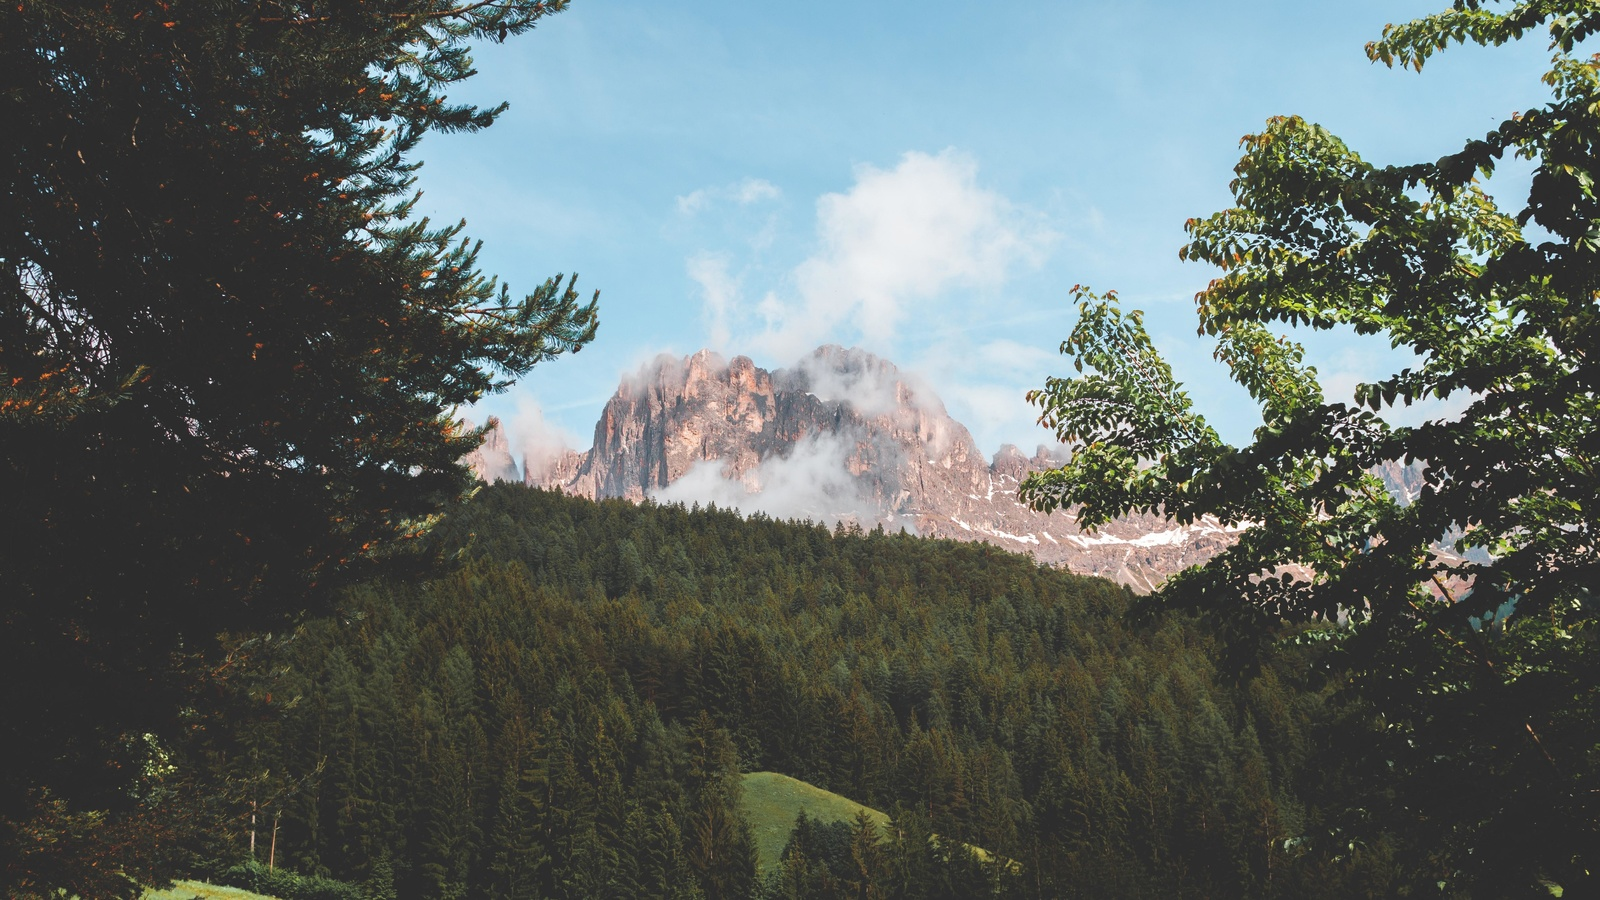 гора, туман, ветки, лес
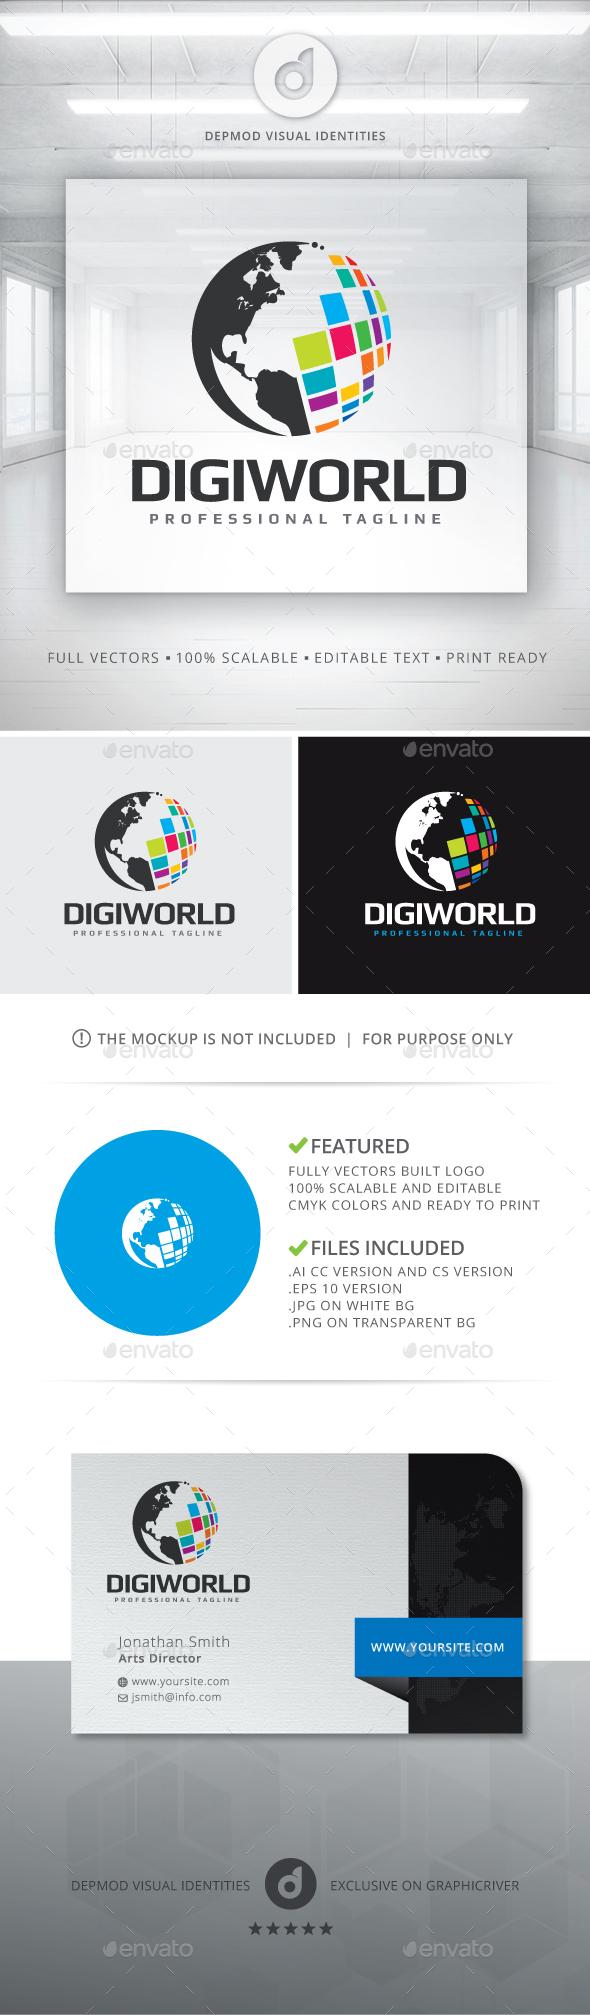 DigiWorld Logo
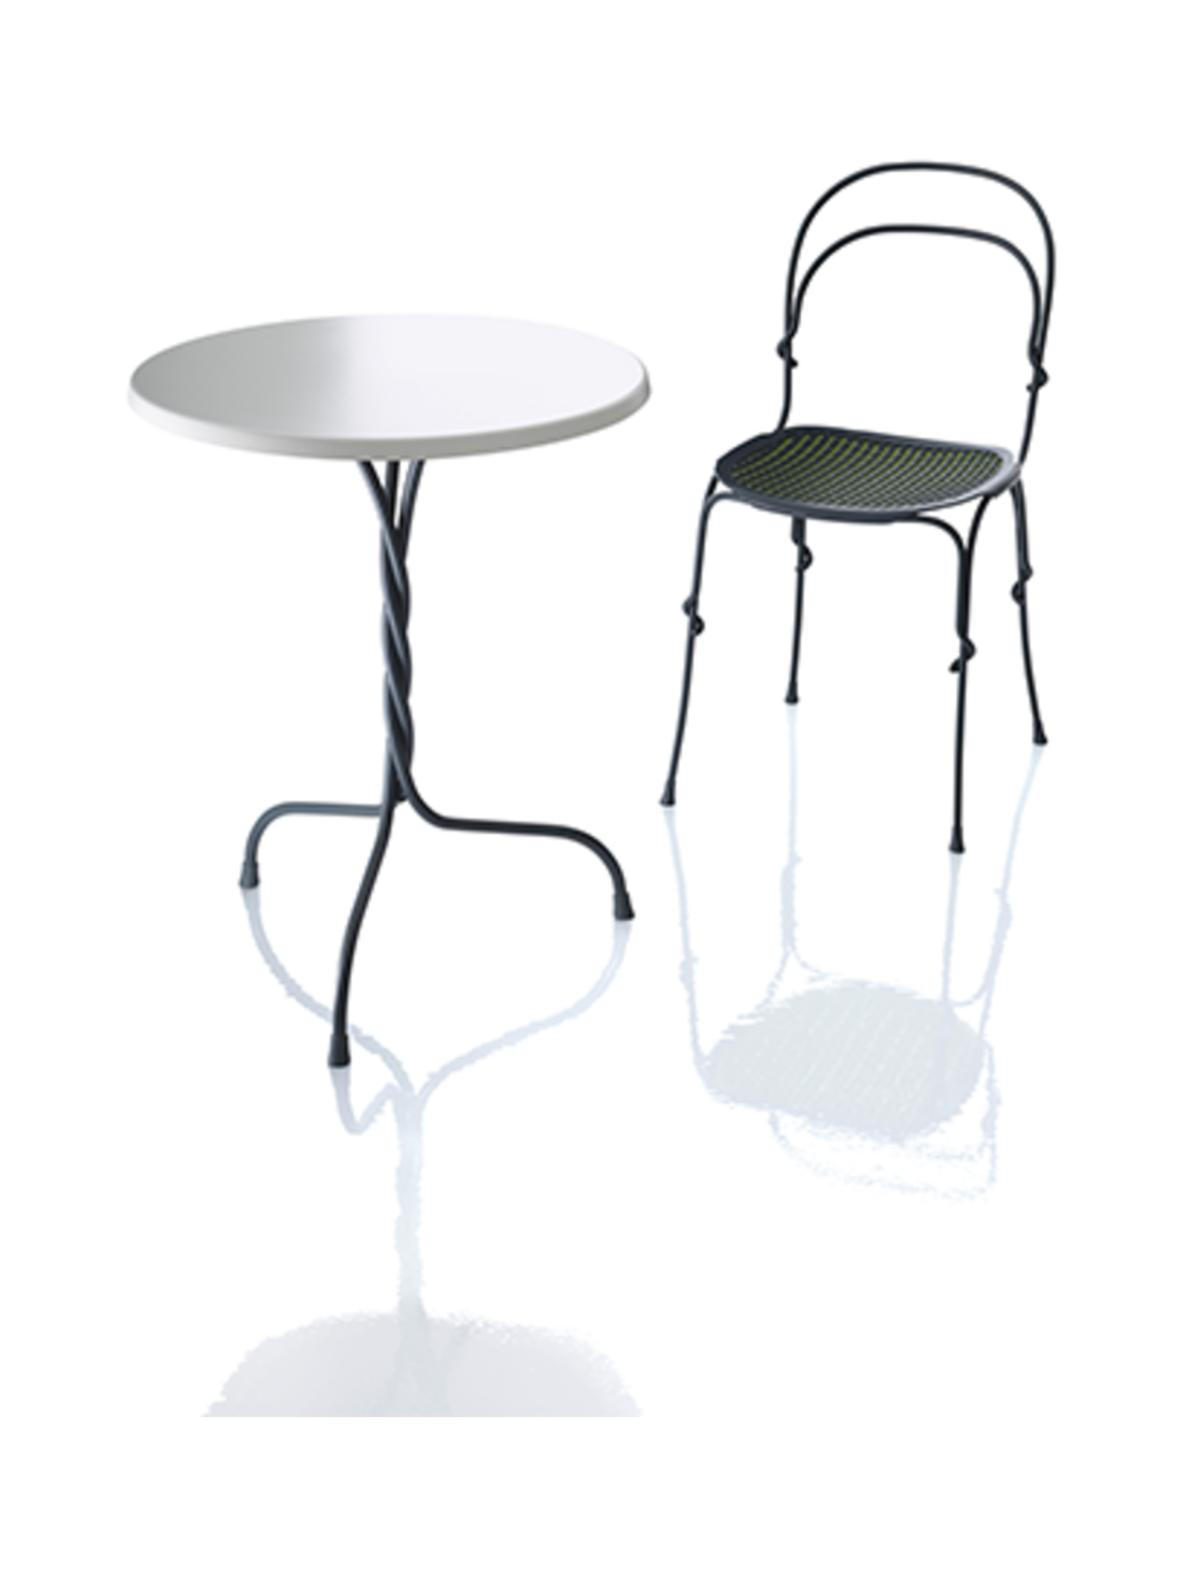 Vigna-tuoli, Magis
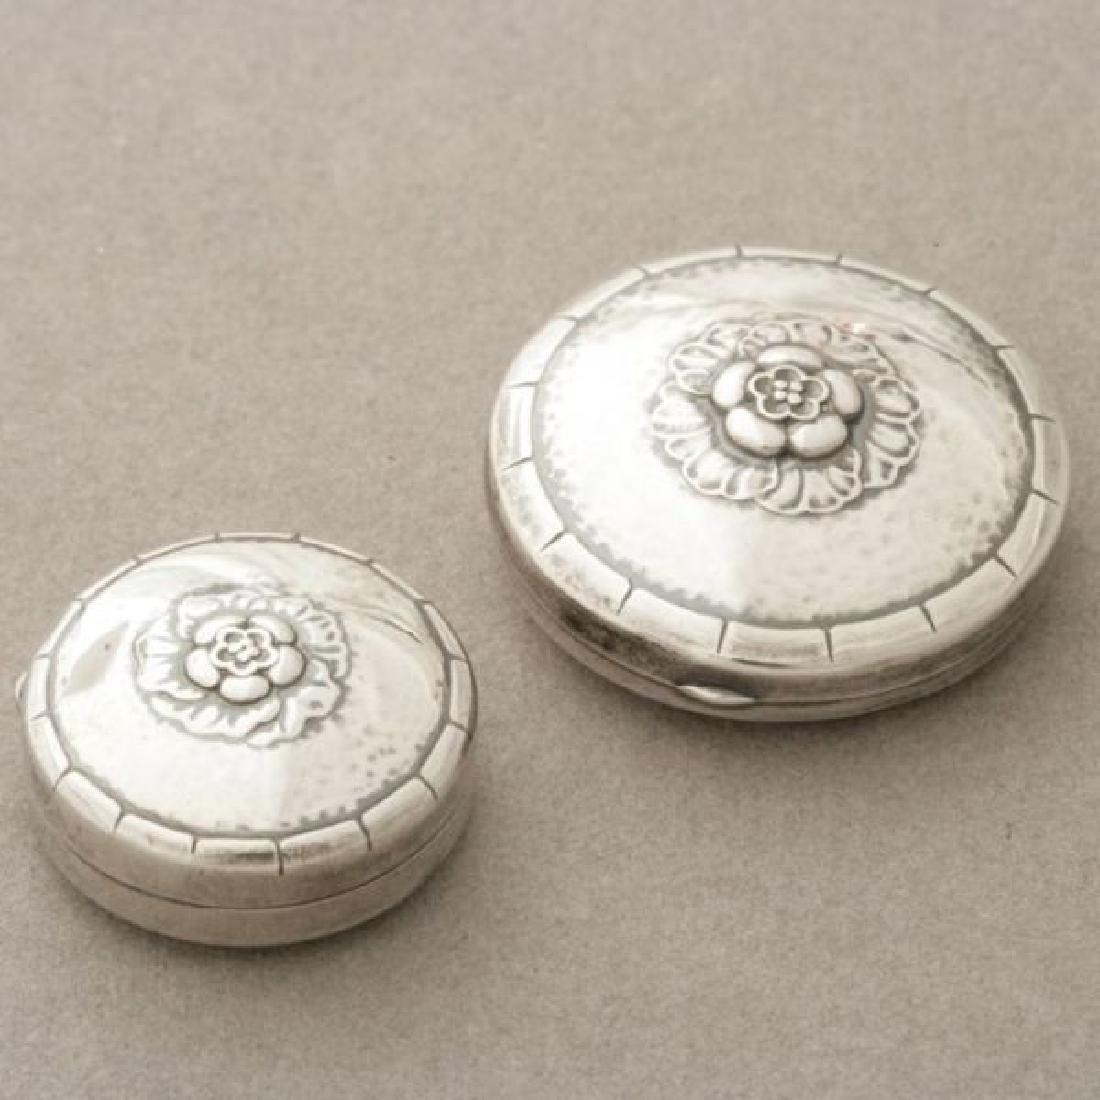 Georg Jensen Sterling Silver Pill Box Compact Set 1930s

==*==

Omit the pictures, and quote the material above exactly as given.

■ WRITTEN SOLUTION
 гора, туман, ветки, лес
 DigiWorld Logo
 Vigna-tuoli, Magis
 Georg Jensen Sterling Silver Pill Box Compact Set 1930s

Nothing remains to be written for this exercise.